After buying your car insurance, depending on your car and state, you may feel the need to have additional coverage on the policy or extend the policy cover. You can do these using insurance riders.

Insurance riders are also called add-on covers, which can be added to an existing policy by paying an extra premium depending on your needs.

Examples of insurance riders include personal accident cover, on-road assistance, NCB protection, gap insurance, etc.

So, before you buy your car insurance, check the riders that the insurance provider can give you on your car insurance.

8] No Claim Bonus or NCB

No Claim Bonus (or NCB) is a reward that an insurance company can give you for not raising any claim during a policy year. But you will only get the NCB on the net policy renewal as a discount on your premium.

Everyone wants to enjoy a discount when renewing their insurance and beginning with an NCB also shows that you’re a careful and less risk driver.

Many insurers offer NCB only for new cars and state that used cars do not benefit because of the change in ownership.

You must consider the percentage of NCB you will get before buying a plan because it may help reduce the total renewed premium.

9] Insured Declared Value (IDV)

When you buy car insurance, the premium is calculated based on many factors, including car model, IDV, etc.
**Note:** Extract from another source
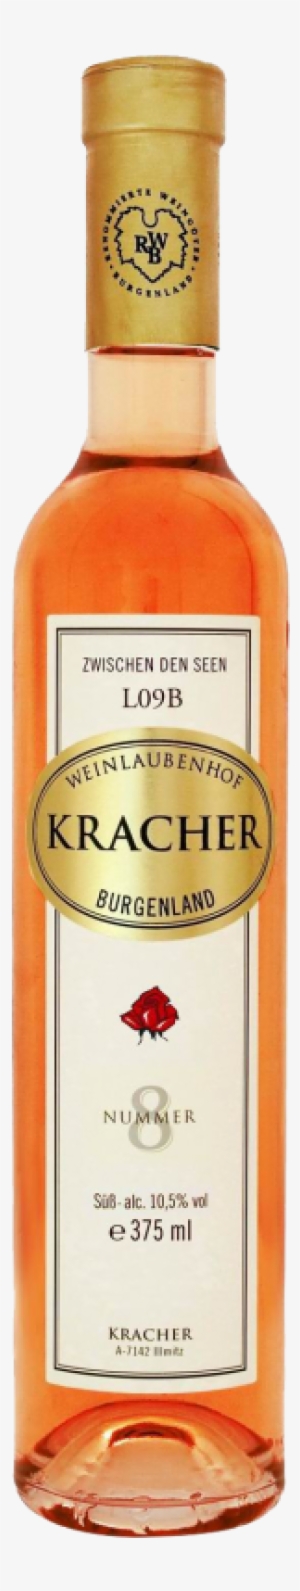 Rosenmuskateller No - - Kracher Grande Cuvee Tba #6 Nouvelle Vague
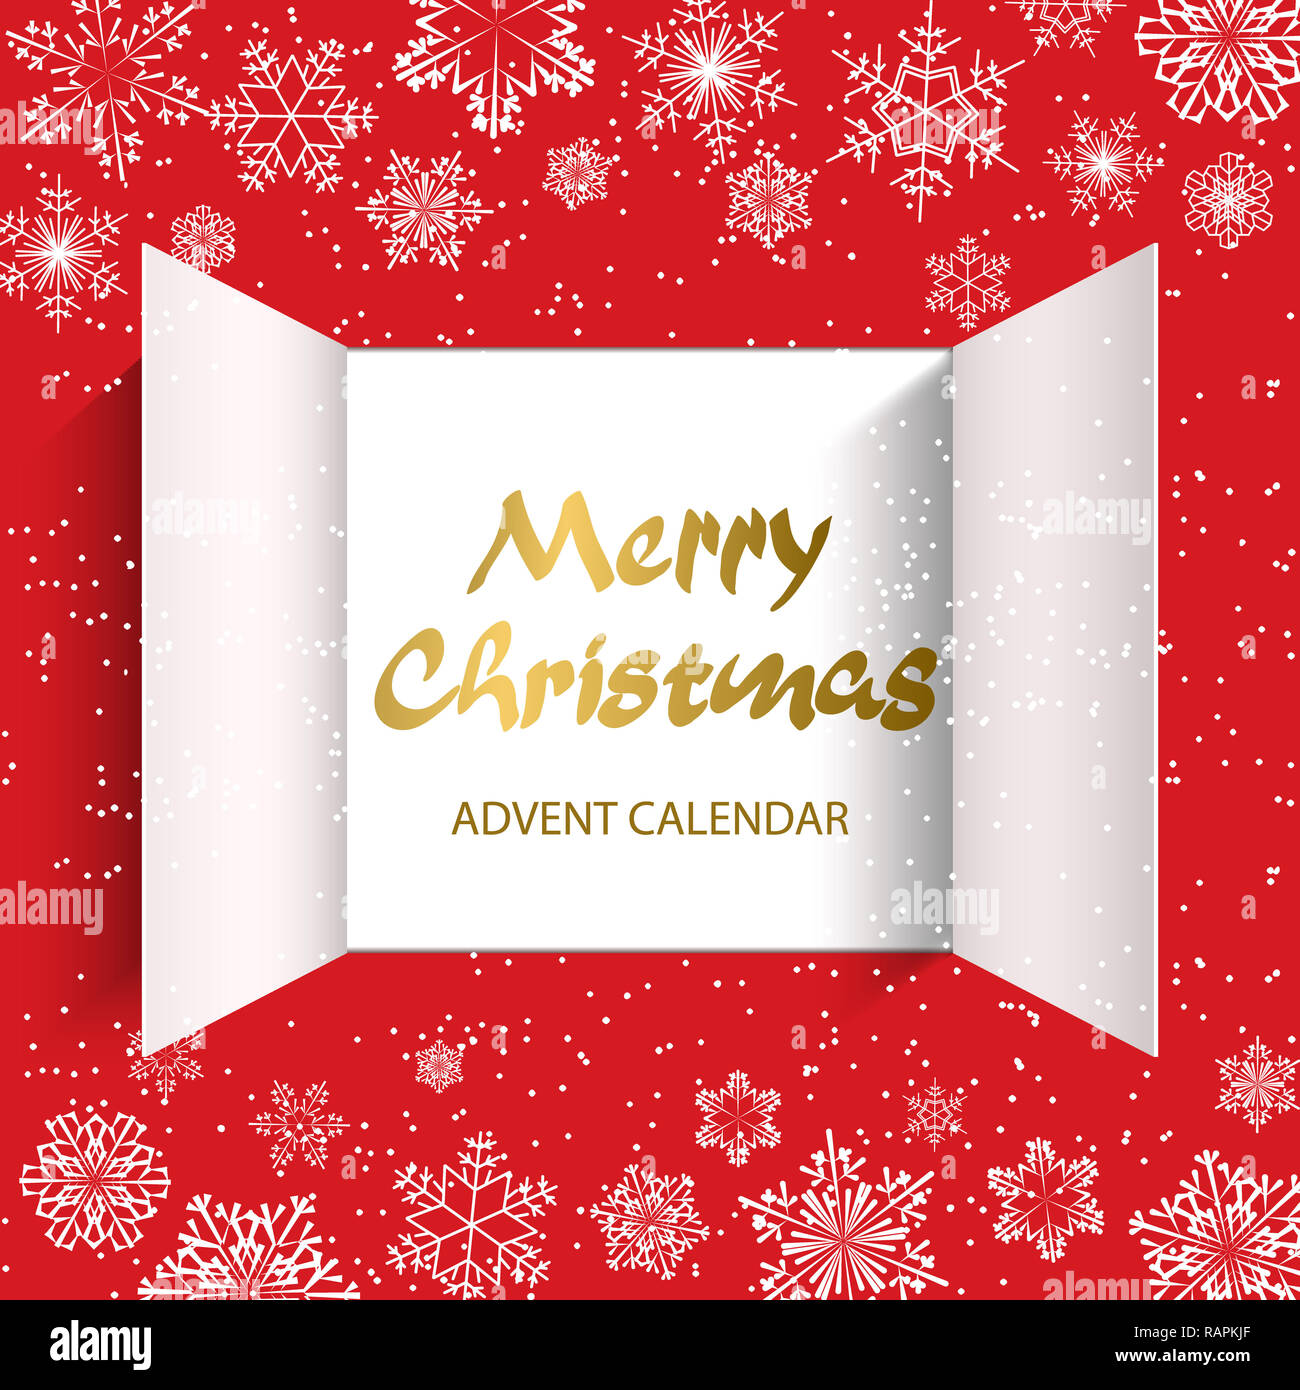 Weihnachten Adventskalender Türen öffnen und goldenen Buchstaben. Weiße  Schneeflocken auf einem roten Hintergrund. Vector Illustration  Stockfotografie - Alamy

In case of a total loss, you may want to claim a new car.

Insured Declared Value (IDV) is the car’s current market value calculated less than its depreciation amount.

This is why understanding your car’s IDV is important before buying insurance because it is important in deciding the compensation amount.

10] Brand Reputation

The insurer’s market image is an important factor to consider. By researching the brand reputation, you will get an idea of how reliable the insurance company is, including its claim process.

You can know how reliable the insurer is by looking at its track record and market rank. You’ll know when to avoid a car insurer that has a bad track record of claim settlement from their claim settlement ratio.

11] Network Garages

The main purpose of buying a car insurance policy is to protect you from any financial contingency in case of car damage or total loss. One of the best ways you can avoid such circumstances is through an all-around cashless service.

You will only get such a service from the car insurance company if your vehicle is repaired in their network garage.

This is why you need to look for a company with maximum network garages in their list and available in your area or location.

Final Thoughts

Most care insurance buyers make the mistake of not shopping around for the best policy premiums and benefits. Before you buy your car insurance, consider the factors we’ve listed here and compare them to your needs to help you make the best choice. With a little research and due diligence, you will get the best protection for your car within your budget.